# My German Sheherd and Himalayan Mastiff



## sunnyej (Jun 19, 2009)

Afghan - GSD 26months old

Anubis- HM 20 months old 

<3












Thanks for viewing them 

Kindly click on images to view them in bigger size


----------



## noushka05 (Mar 28, 2008)

i cant see the pics....but im so pleased Afghan is okay, i remember you had a few health worries with him when he was a little puppy.


oh i can see them now! Awww hes Stunning and he looks Fantastic! Anubis is Gorgeous.


----------



## sunnyej (Jun 19, 2009)

Thanks , yes that was a very close call 


but he is fine now , and Anubis is the cuddly one 

He sleeps in my room and watches dogs on my computer with me all day ( i mean his eyes are on screen haha)

You can click on images to view them in bigger size


----------



## new westie owner (Apr 30, 2010)

Handsome boys


----------



## sunnyej (Jun 19, 2009)

Thank you


----------



## noushka05 (Mar 28, 2008)

sunnyej said:


> Thanks , yes that was a very close call
> 
> but he is fine now , and Anubis is the cuddly one
> 
> ...


aw im so pleased... i ofter wondered how he was i was very worried about him, but just look at him now! he looks the picture of health and so very handsome

Anubis sounds a lovely character and what an impressive boy he is!:001_tt1:


----------



## sunnyej (Jun 19, 2009)

Thanks , 


Afghan !! HE has attitude haha  



Anubis is very cute , he just wants to cuddle and be hugged .
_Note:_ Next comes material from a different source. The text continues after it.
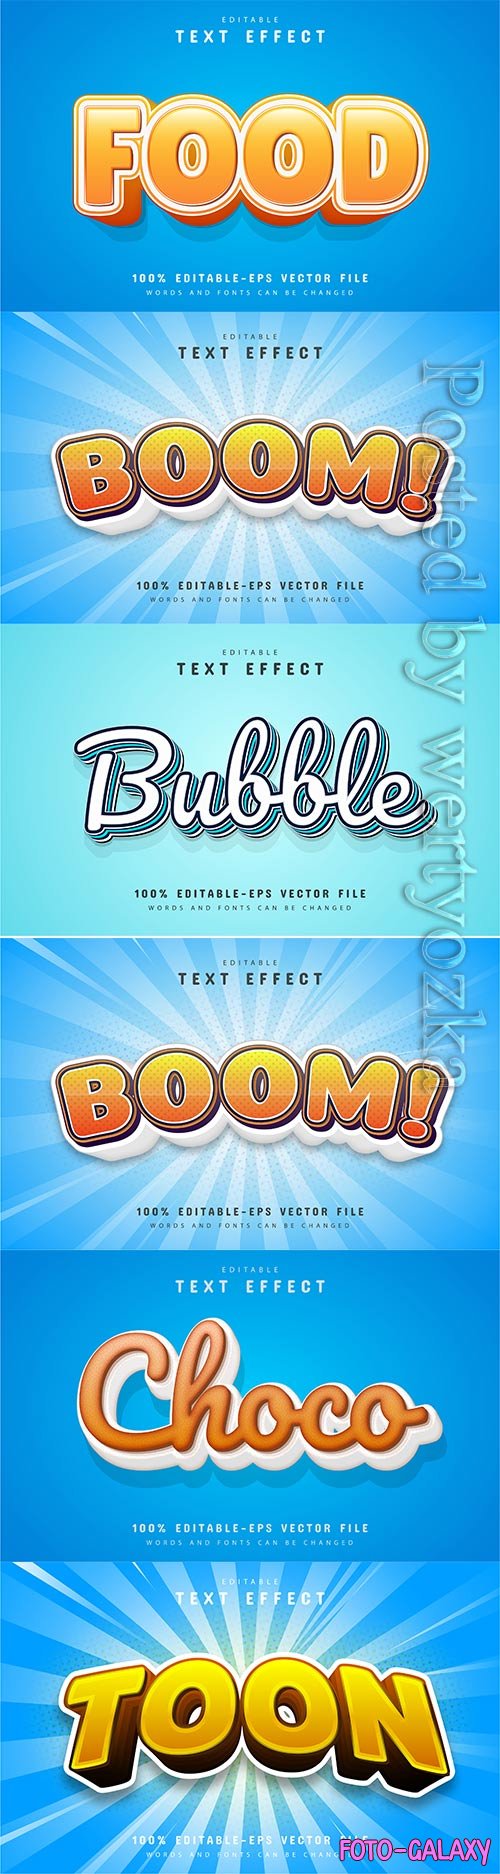 3d editable text style effect vector vol 404

he slobbers a lot and shakes when room is full of people , we take bath in his saliva often


----------



## Nathe (Jul 11, 2011)

Really great pictures of the shepherds!


----------



## sunnyej (Jun 19, 2009)

Thanks XD ..........................................................


----------



## FionaS (Jul 2, 2011)

Love love love! Mastiffs are one of my all time favourite breeds.


----------